Amianto, al via il censimento e la rimozione dell’eternit

GUASTALLA. La settimana scorsa sono state presentate nella sede della Provincia di Reggio le modalità di censimento della presenza di amianto nella Bassa reggiana e il protocollo d’intesa, siglato...

GUASTALLA. La settimana scorsa sono state presentate nella sede della Provincia di Reggio le modalità di censimento della presenza di amianto nella Bassa reggiana e il protocollo d’intesa, siglato dall’Unione dei Comuni “Bassa Reggiana”, Sabar Servizi Srl, Arpa e Asl, relativo alle prime azioni di smaltimento di piccoli quantitativi di amianto. Il censimento dei tetti in amianto verrà effettuato attraverso un rilievo spettrale su ortofoto (fotografie aerea aventi il valore di una mappa) da parte della Cgr, la Compagnia Generale Riprese aeree.

A seguire, saranno messe in atto analisi di laboratorio per la classificazione dei tetti in base all'amianto contenuto e, in caso di incertezza, saranno attuate ulteriori verifiche tramite l’utilizzo di droni. Grazie a queste indagini, sarà possibile poi creare un database che restituirà ai Comuni una “fotografia” precisa della presenza dell’amianto nei rispettivi territori, che costituirà un prezioso punto di partenza.

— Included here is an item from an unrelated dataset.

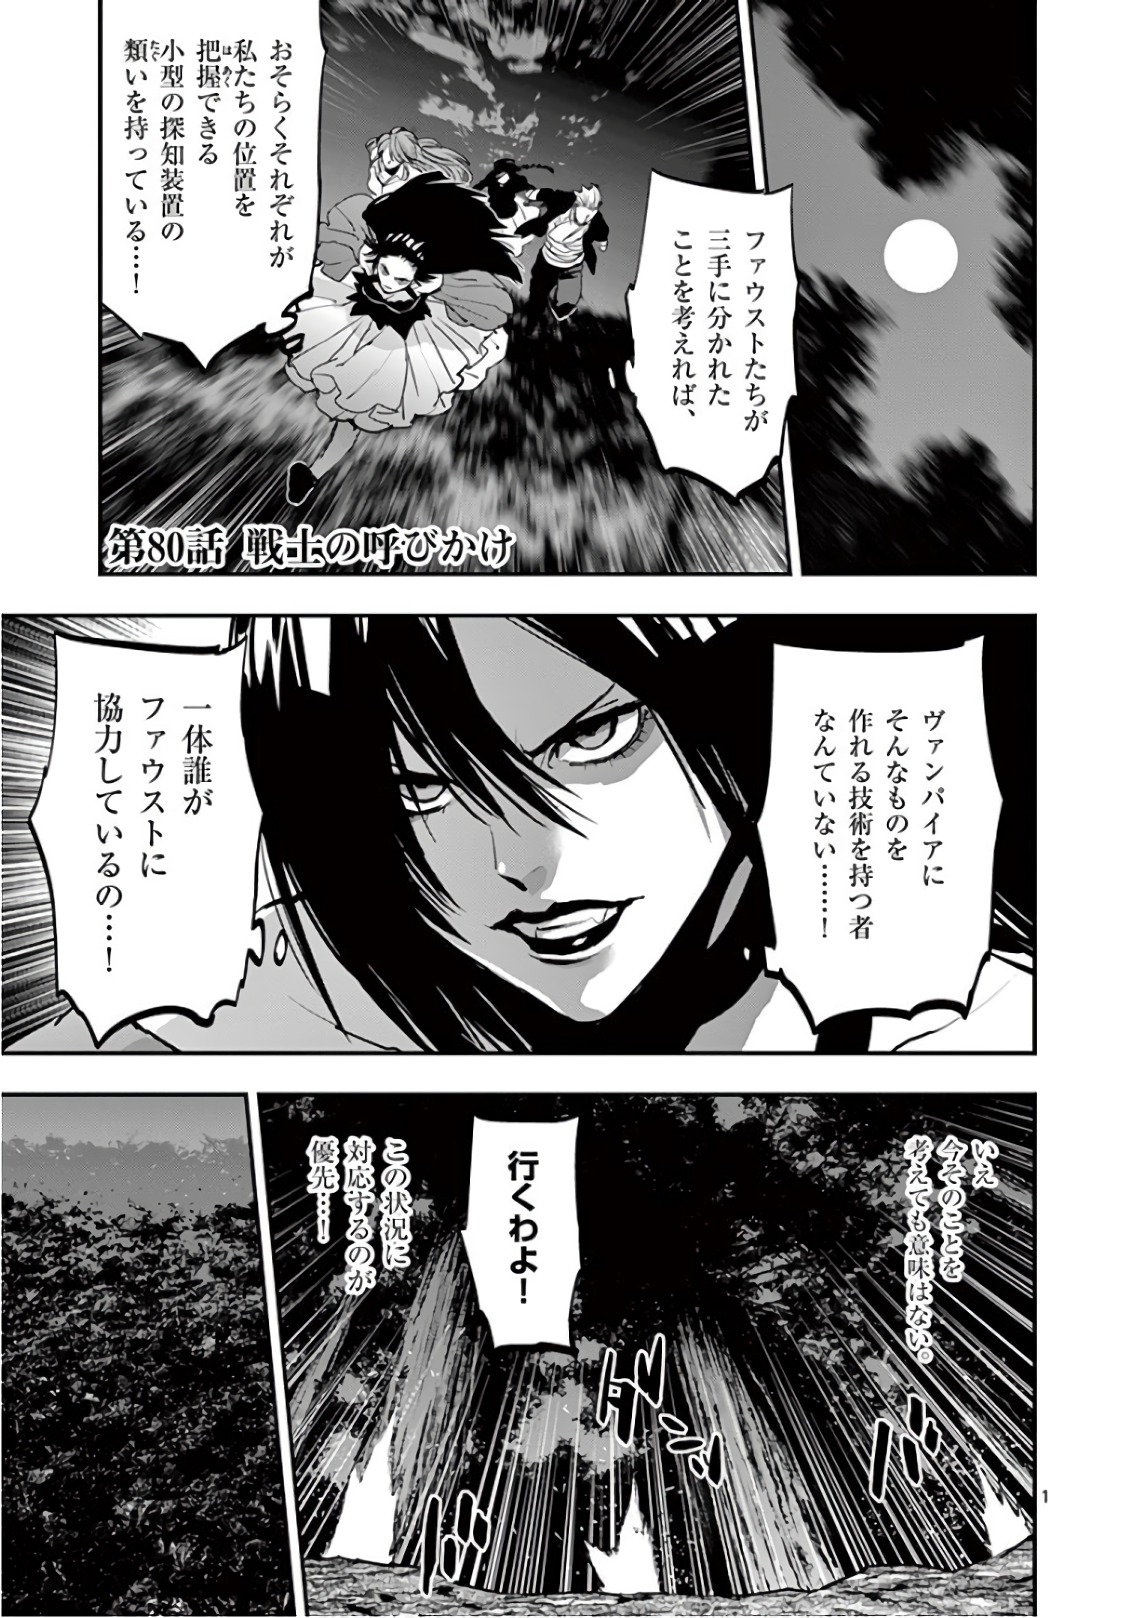 Ginrou Bloodborne - Chapter 80 - Page 1

Nel corso della conferenza stampa sono state inoltre presentate le modalità sperimentali per la rimozione “fai da te” di piccole quantità di eternit (non oltre i 300 chili): è il caso di canne fumarie, lastre, cucce per cani, piastrelle per pavimenti, ovviamente solo se in buone condizioni in quanto per l’amianto sbriciolato è necessario contattare ditte specializzate per la messa in sicurezza. L’operazione sarà possibile grazie a un kit per la stabilizzazione delle fibre di amianto acquistabile in ferramenta a 119 euro, un prezzo di quattro-cinque volte inferiore rispetto al costo dell'intervento di una ditta autorizzata.

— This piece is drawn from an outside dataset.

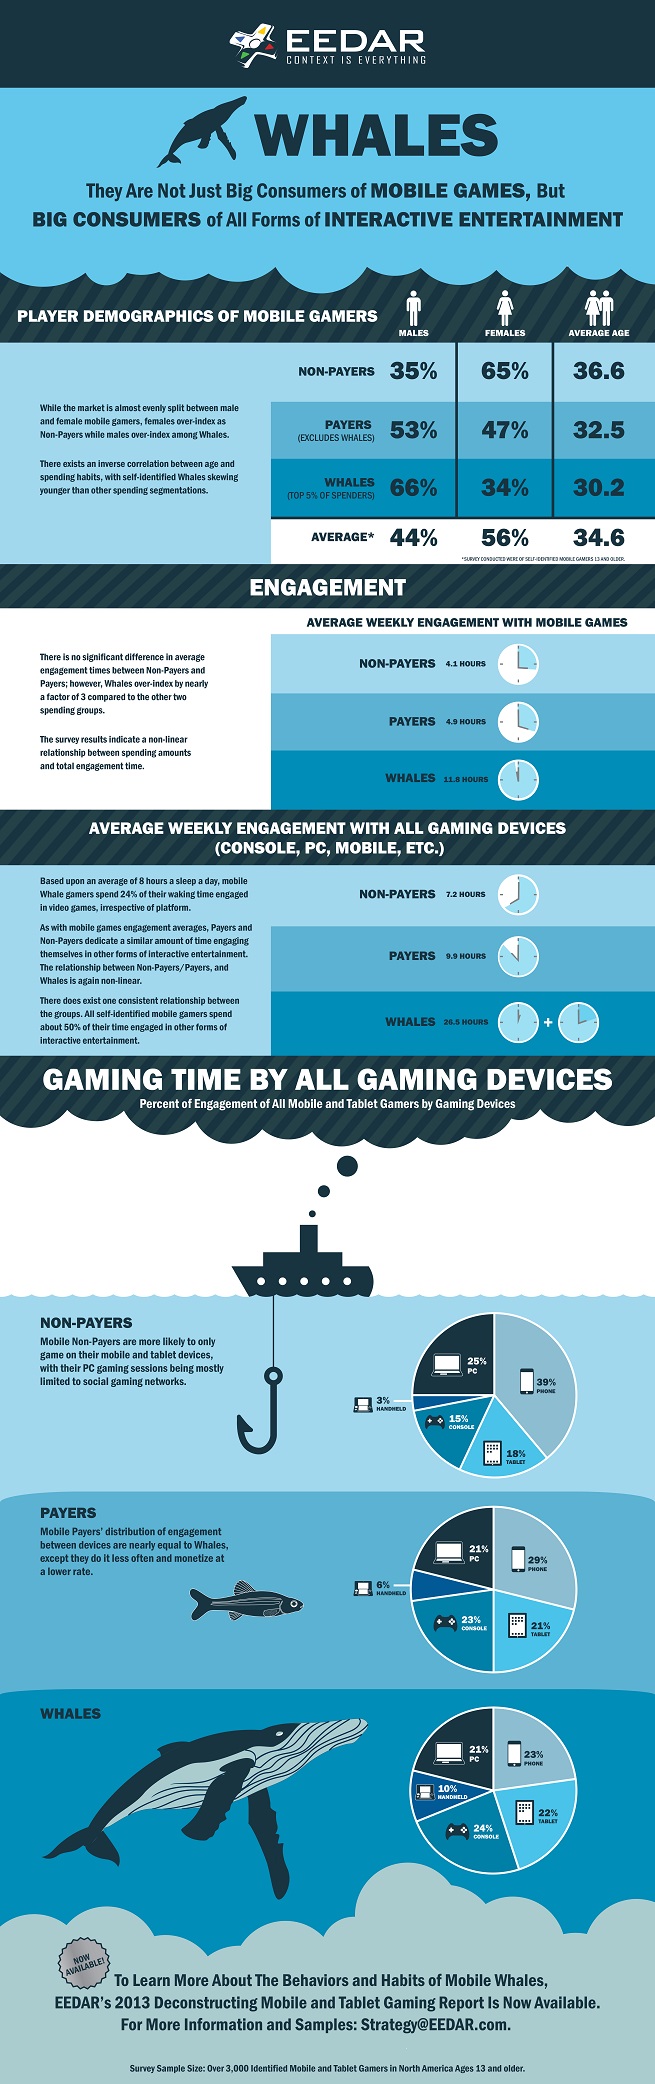 EEDAR mobile gaming infographic

Gli otto Comuni avranno inoltre la possibilità, grazie alla collaborazione con l'azienda Aerodron, di organizzare attività formative e dimostrative con le scuole, nel corso delle quali sarà mostrata da vicino l'attività dei droni.

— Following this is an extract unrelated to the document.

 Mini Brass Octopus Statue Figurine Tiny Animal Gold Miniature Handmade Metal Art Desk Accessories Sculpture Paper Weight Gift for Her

«Questo progetto – spiega l'assessore ai lavori pubblici Chiara Lanzoni – ha una grande valenza dal punto di vista strategico e ambientale perché per la prima volta in Emilia-Romagna una Unione di Comuni affronta il problema amianto, censimento e prime attività di smaltimento, in modo unitario, sinergico, condiviso». (m.p.)